Given a distribution D over {0,1}^n X {-1,+1}, define OPT to be the error achieved by the best disjunction with respect to D. The problem is to come up with a polynomial time algorithm which uses random samples from D to construct a prediction rule whose error is atmost (c.OPT + \epsilon), for any \epsilon > 0. In this paper we show how to achieve c = O(n^{1/3 + \alpha}), for any \alpha > 0. This improves on the previous best bound of O(\sqrt(n)) by [Peleg'07].

Supervised clustering. With Reza Bosagh Zadeh.

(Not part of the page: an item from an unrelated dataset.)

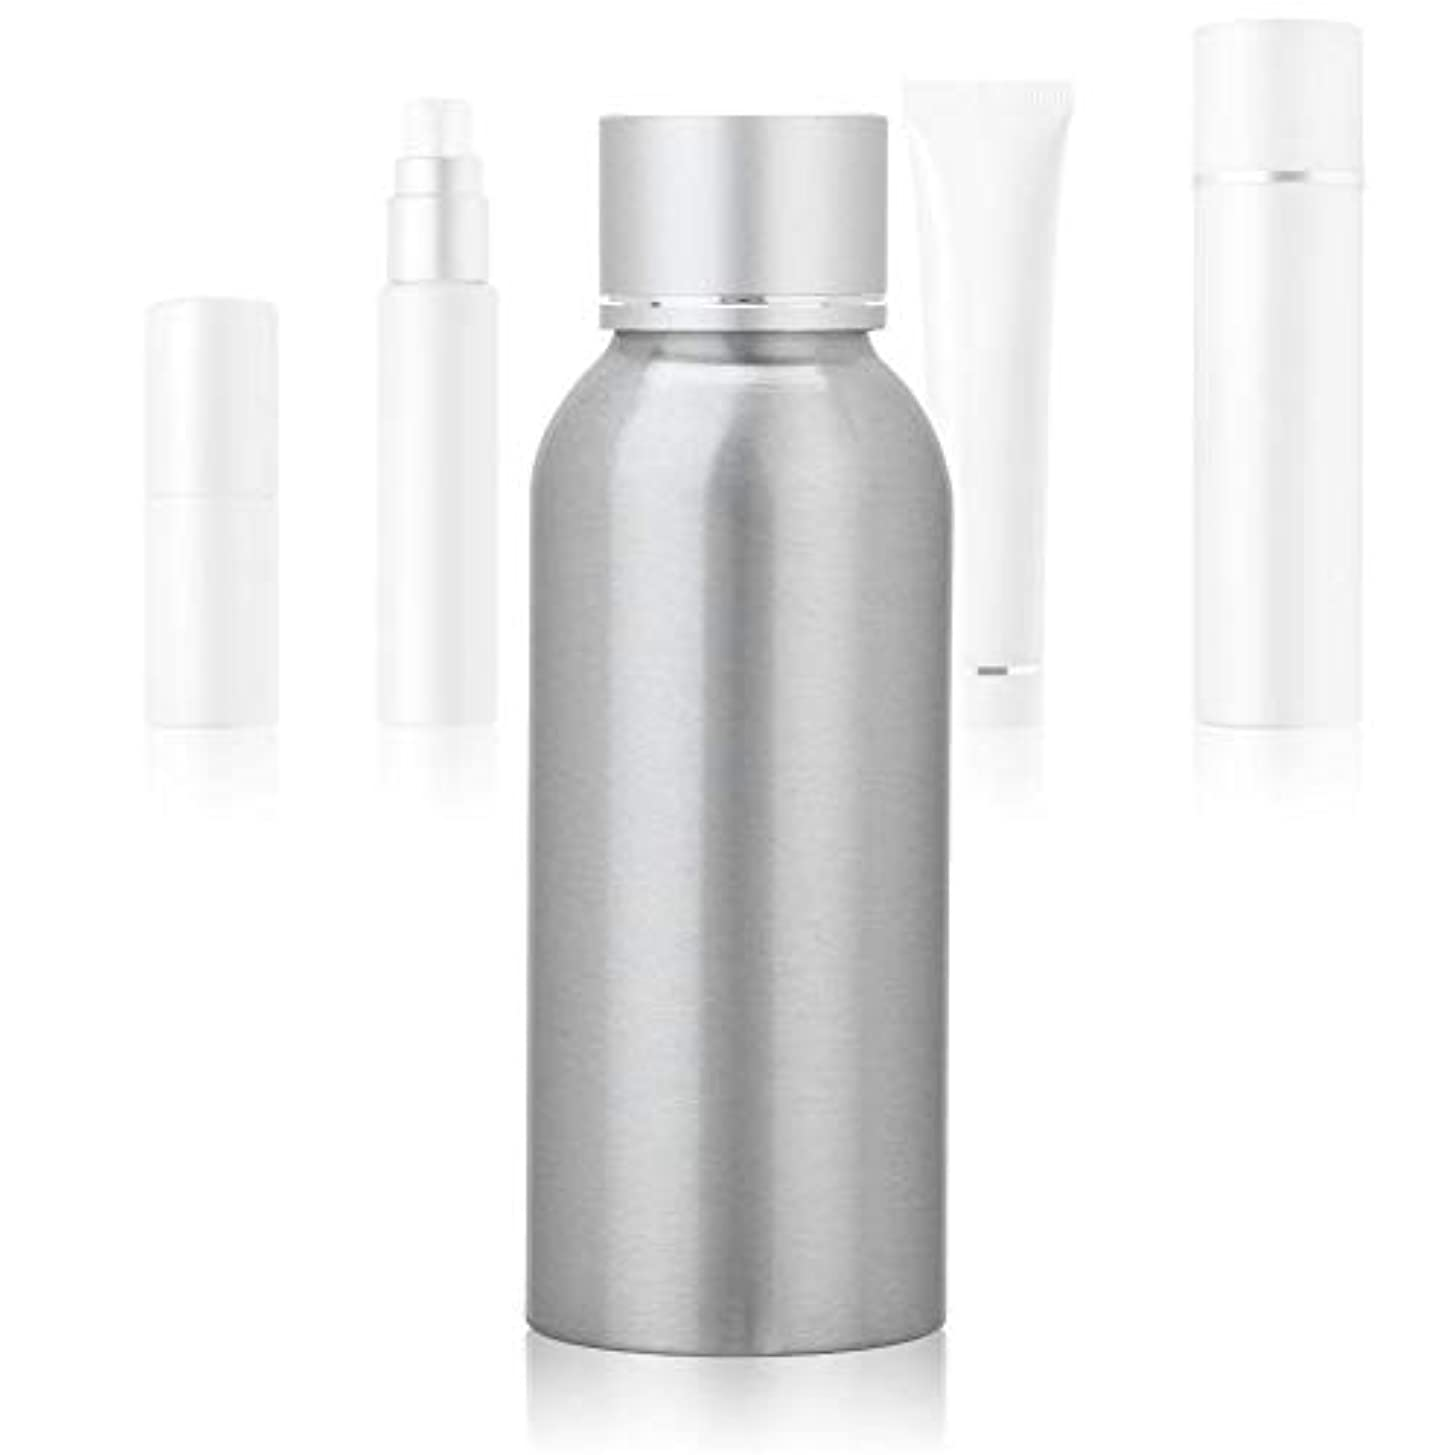 習字ペルソナマイク100 MLアジア銀陽極酸化アルミニウム 空の化粧品ボトル ポータブルDIY スキンケア 製品トナーコンテナーボトル

NIPS 2010.
This paper studies the clustering framework proposed in [Balcan, Blum'08]. In this framework we assume that a given set of m points belongs to k target clusters and each cluster is defined by some concept in a concept class C. The goal of the clustering algorithm is to interact with the user and figure out the target clustering. This paper gives a simple query-efficient algorithm to cluster any concept class in this model. We also study two natural generalizations of the original model.

Online stochastic optimization in the large: Application to kidney exchange. With Tuomas Sandholm. IJCAI 2009.
This paper studies trajectory-based online algorithms for solving large stochastic programs. We apply these algorithms to match patients in large kidney exchanges.

Decision trees for entity identification: Approximation algorithms and hardness results. With Venkatesan Chakaravarthy, Vinayaka Pandit, Sambuddha Roy and Mukesh Mohania. PODS 2007.
Consider the following problem: Given an input table containing information about a set of entities over a fixed set of attributes and a probability distribution over the entities, construct a decision tree that identifies each entity unambiguously by testing the attribute values such that the average number of tests is minimized. Building on prior work ([Adler, Heeringa'05]) we study the general version of the problem involving arbitrary input tables and arbitrary probability distribution over the set of entities. We consider a natural greedy algorithm and prove an approximation guarantee of O(r_K log(N)), where N is the number of entities, K is the maximum number of distinct values of an attribute, and r_K is a suitably defined Ramsey number. In addition, our analysis indicates a possible way of resolving a Ramsey theoretic conjecture by Erdos.

Image modeling using tree structured conditional random fields. With Aakanksha Gagrani and Balaraman Ravindran. IJCAI 2007.